Tell us about yourself and how many books you have written.
I’ve lived a strange life with no sign of that changing any time soon. I taught myself to read at the age of three. One day while watching my mother read to me the strange black lines on the page suddenly snapped into focus and became words I could understand. It happened all at once and utterly shocked my mother when she discovered me reading to my stuffed animals later that day. She tested me with a book I’d never seen before and turns out I actually did teach myself to read. I was writing stories and poetry by the age of 7 and reading at a college level by age 13.
Then life took a much darker turn and I discovered more of the world than one should at that age but I’ll save the gory details for my memoir.
I like writing fiction because I can be utterly truthful.
I like writing science fiction because I’m fascinated with our potential as a species to create amazing almost impossible things and the license to wrestle with the larger sociological implications of our actions.
What is the name of your latest book and what inspired it?
Faery Tales of the Future – my latest book, came about from my own fascination with traditional fairy tales combined with an abiding love of science fiction. Not the Disney kind of fairy tale, the darker Brothers Grimm type that carried a warning or a lesson or a contemplation of human nature and the supernatural. So many of our stories come from deeper darker roots. It got me wondering what stories would humanity take with us as we head for the stars. Would any knowledge of the home planet survive hundreds maybe thousands of years? What would those stories reflect about the people who dreamed so audaciously to inspire a small war-like species to reach for new worlds?
So I dedicated a series of short stories to exploring the subject. At the end of one glorious summer of writing I had about 16 – 20 stories.
I picked the ten best of the bunch and Faery Tales of the Future was born.
Lots of editing and revision followed resulting in the collection now available for your wonderful readers to enjoy.
Do you have any unusual writing habits?
Many of my ideas come from dreams. I studied conscious dreaming while attending the Academy and have practiced it for many years. Often I’ll start a story in my sleep. The words will come along with some visuals. When I wake I have to begin writing it or the dream will continue to haunt me all day. I’ve used this practice to solve plot issues and discover new aspects of my story as well. The subconscious mind is fertile ground for new ideas. At times I won’t really remember the dream but once I sit down to write I discover that the “problem” I was having with some subject or chapter has resolved itself with the dreaming. Even providing new areas to develop.
What authors, or books have influenced you?
So many, too many to count here. My early influences were the classics, English Lit masters like Dickens, Shakespeare and Tolkien. Later the American science fiction authors duked it out with Mark Twain, Longfellow and EE Cummings for space on my overflowing bookshelf. Eclectic is still how my tastes run. Although I love science fiction and write in that genre I read widely in non-fiction, philosophy, political, hard science, biology, astronomy and physics journals – you know, just for fun…
What are you working on now?
My next book is titled Destiny Wars – it’s a mind bending, time warping science fiction thriller exploring the connection between memory and identity while the fate of the world hangs in the balance.
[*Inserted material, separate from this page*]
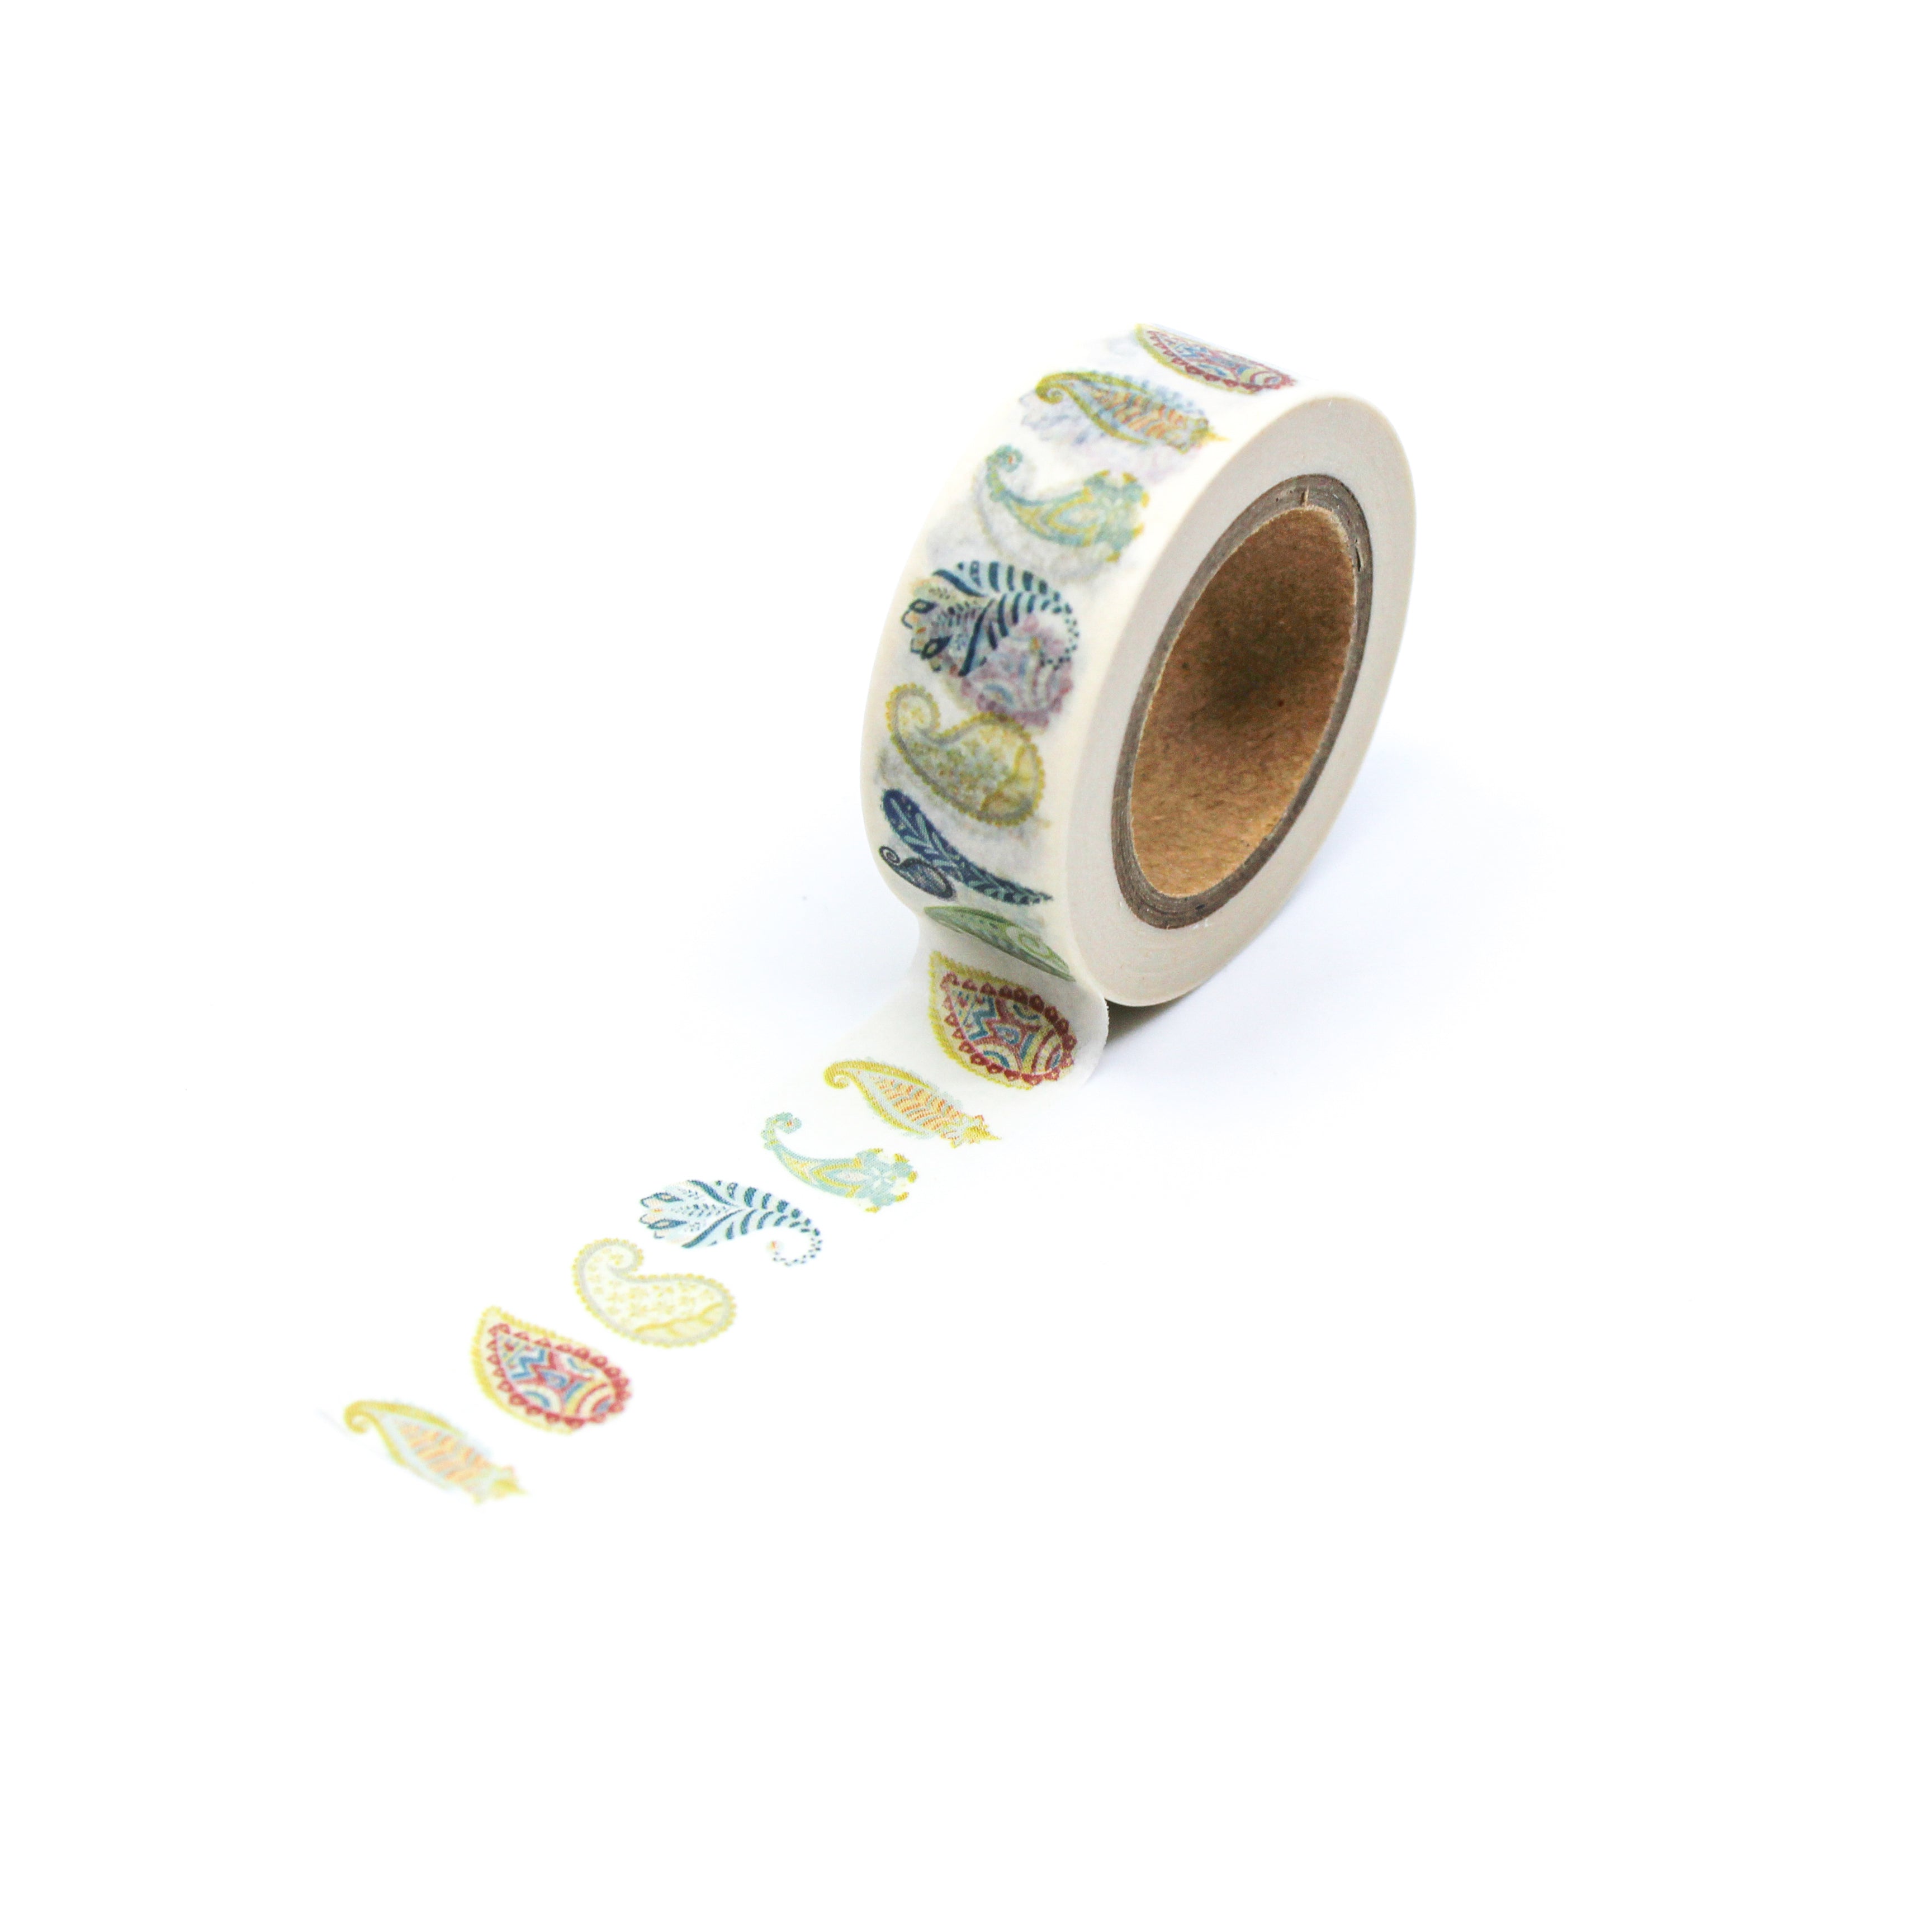 This washi tape is a colorful and cheerful classic paisley pattern. Use this vibrant washi tape for your BUJO spreads and craft projects. This paisley tape is sold at BBB Supplies craft shop.

The next book after that looks to be an epic fantasy set in a wholly original world not yet touched by humans.
What is your best method or website when it comes to promoting your books?
Still figuring that part out. The ideas for prose and essays spill out of my brain but SEO, social media engagement and platform building are all word-salad to me.
Do you have any advice for new authors?
Perhaps it’s been said before but keep writing! Let your first draft and even your fifth be dreck if it must. Judgement too early in the process is the dream killer. Let it be messy, unfocused and poorly punctuated. All those things can and will be fixed but only if you finish that first draft!
What is the best advice you have ever heard?
The best advice I ever heard for writers and really any artist is to write down every idea in a notebook or journal because you never know when that kernel of an idea will spring forth into Divine inspiration.
What are you reading now?
Ursula K. LeGuin’s Catwings – I never read it! (i’m *not* crying, you’re crying… 😉
What’s next for you as a writer?
Figuring out the marketing part with the goal of making writing my full time occupation complete with a sustainable income – so nothing *too* big…
If you were going to be stranded on a desert island and allowed to take 3 or 4 books with you what books would you bring?
4 books?!? That’s like telling a chocoholic they can only eat saltine crackers for the rest of their life!
I’d have to cheat and bring a Kindle (with a solar charger) loaded with thousands of books, 2 blank notebooks for journaling and a classic like the Iliad because if I’m stranded on a desert island then it’s obviously the beginning of an epic quest.